1 These facts are drawn from the Amended Complaint. The Court assumes the truth of, and draws reasonable inferences from, the well-pleaded factual allegations, see Lynch v. City of New York, 952 F.3d 67, 74–75 (2d Cir. 2020), but does not accept as true any legal conclusions, see Ashcroft v. Iqbal, 556 U.S. 662, 678 (2009). uses Construction to “process payroll checks.” Id. at ¶ 14. Defendants also share a common website where they “refer to one another interchangeably without regard to ‘construction’ or ‘telecom.’” Id. at ¶ 11. The website career page “does not differentiate between applying for jobs to Telecom or Construction, rather, prospective employees simply can request more information

for ‘Luck Grove’ potential job opportunities.” Id. at ¶ 12. The “website also identifies common management between the” Defendants including the President and Owner, Chief Executive Officer, Chief Operations Officer, and Chief Technical Officer. Id. at ¶ 13. Plaintiff regularly worked more than 40 hours a week, but he was not always paid at a higher rate for overtime. Am. Compl. ¶¶ 96–97. “For instance, in the workweek ending April 2, 2023,” Plaintiff was paid “straight time,” not a higher rate, for 8.75 hours of overtime.

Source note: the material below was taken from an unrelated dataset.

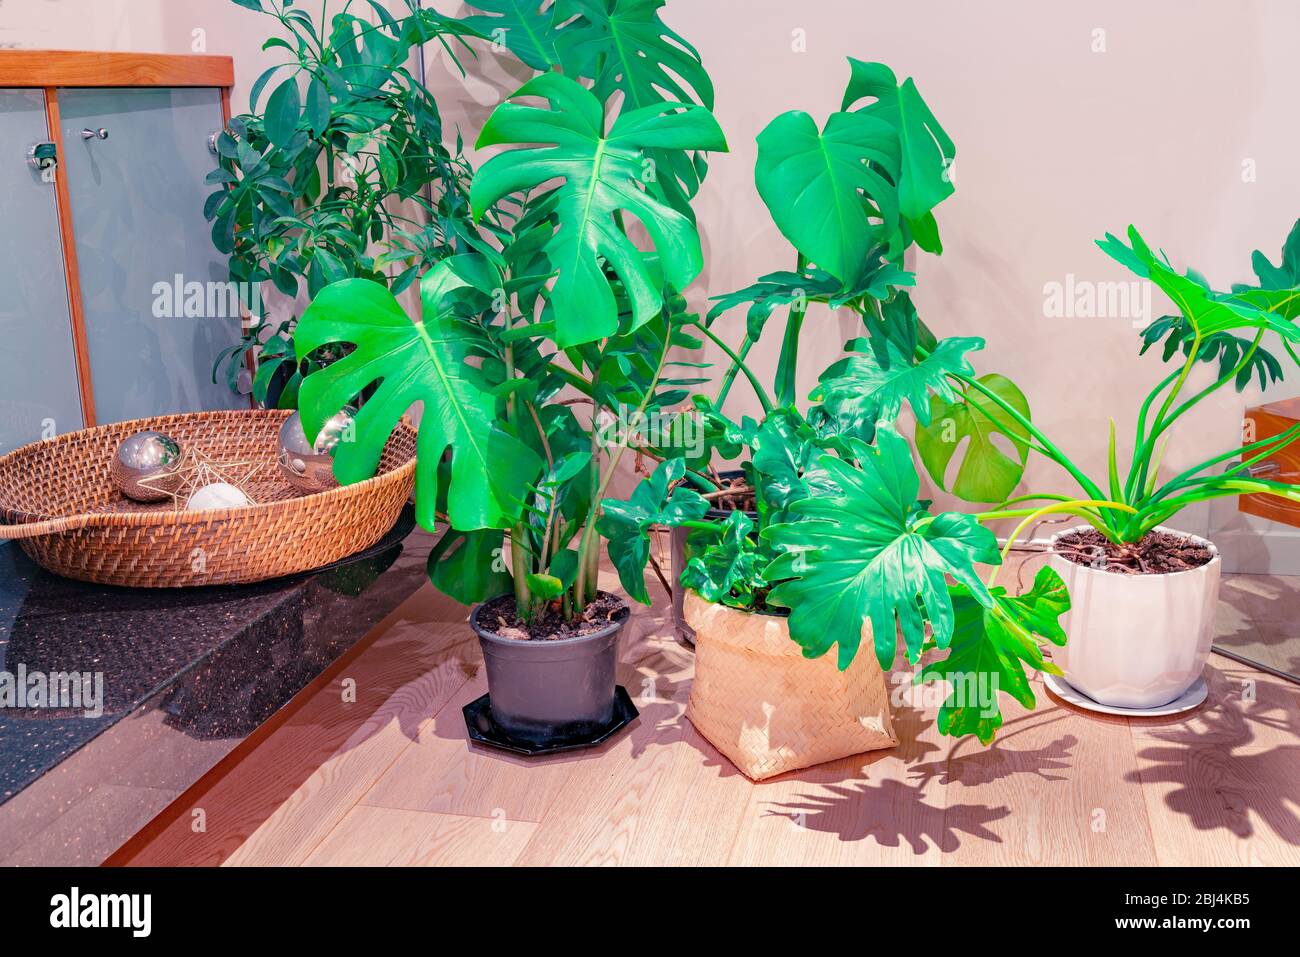 Home Interior Bild von beliebten großen blättrigen Topfpflanzen innen mit Schatten Muster von Blättern auf Holzboden. Stockfoto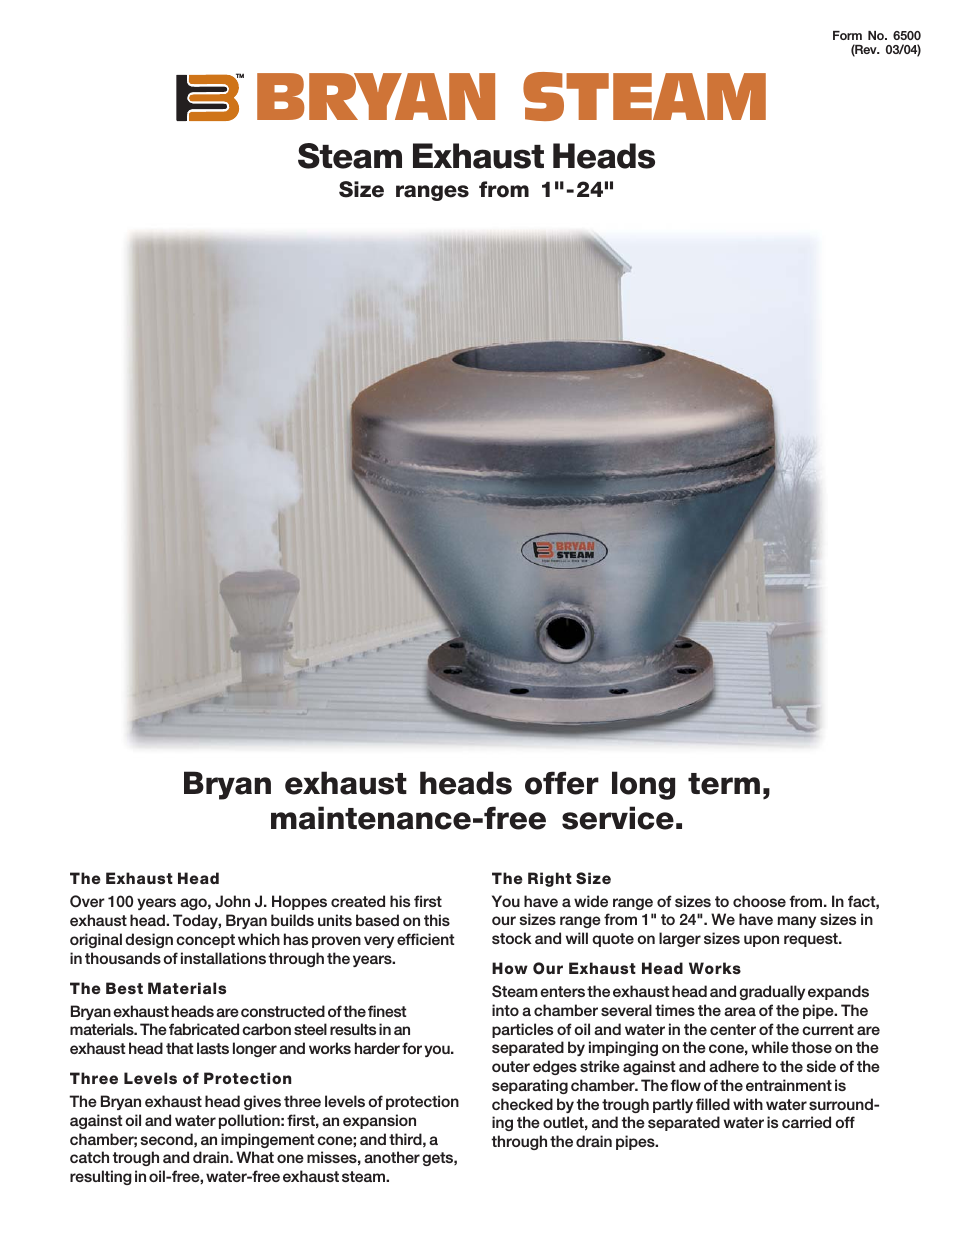 Steam Exhaust Heads None

Id. at ¶ 101. In addition, Plaintiff was not always paid for all the hours that he worked, and his compensation was deducted for “for reasons including[] out of pocket fuel costs and for reports related to workers smoking at the employer-provided housing.” Id. at ¶¶ 102, 104. On approximately September 6, 2023, Plaintiff emailed Telecom’s Human Resources

“Generalist, Renice Williams, about his hours being deducted,” and he attached a copy of a New York Labor Law statute. Am. Compl. ¶ 108. “On September 12, 2023,” Defendants terminated Plaintiff’s employment “with no reason provided.” Id. at ¶ 109. The termination letter was “signed by Renice Williams, HR Generalist, from [Telecom].” Id. The letter contained Telecom’s “corporate logo and name on the letterhead.” Id. at ¶ 61. In addition, the letter stated, “You are separated from employment from Luck Grove Telecom, Inc.” Id. at ¶ 7 (emphasis removed). II. LEGAL STANDARD To survive a motion to dismiss under Rule 12(b)(6) of the Federal Rules of Civil Procedure, “a complaint must provide ‘enough facts to state a claim to relief that is plausible on its face.’” Mayor & City Council of Balt. v. Citigroup, Inc., 709 F.3d 129, 135 (2d Cir. 2013) (quoting Bell Atl. Corp. v. Twombly, 550 U.S. 544, 570 (2007)). “Although a complaint need not contain detailed factual allegations, it may not rest on mere labels, conclusions, or a formulaic recitation of the elements of the cause of action, and the factual allegations ‘must be enough to raise a right

to relief above the speculative level.’” Lawtone-Bowles v. City of New York, No. 16-cv-4240, 2017 WL 4250513, at *2 (S.D.N.Y. Sep. 22, 2017) (quoting Twombly, 550 U.S. at 555). A court must accept as true all well-pleaded factual allegations in the complaint and draw all reasonable inferences in the plaintiff’s favor. See EEOC v. Port Auth., 768 F.3d 247, 253 (2d Cir. 2014) (citing ATSI Commc’ns, Inc. v. Shaar Fund, Ltd., 493 F.3d 87, 98 (2d Cir. 2007)). However, “the tenet that a court must accept as true all of the allegations contained in a complaint is inapplicable to legal conclusions.” Ashcroft v. Iqbal, 556 U.S. 662, 678 (2009). III. DISCUSSION A. Telecom’s Status as Plaintiff’s Employer Defendants move to dismiss the Amended Complaint because Plaintiff did not plead

sufficient nonconclusory facts to establish that Telecom was his employer under the FLSA and NYLL. Defendants’ Memorandum of Law (Def. Mem.) at 8, 10, Dkt. No. 10-1.2 Defendants argue that those facts alleged “only on information and belief” are not well-pled. Id. at 12.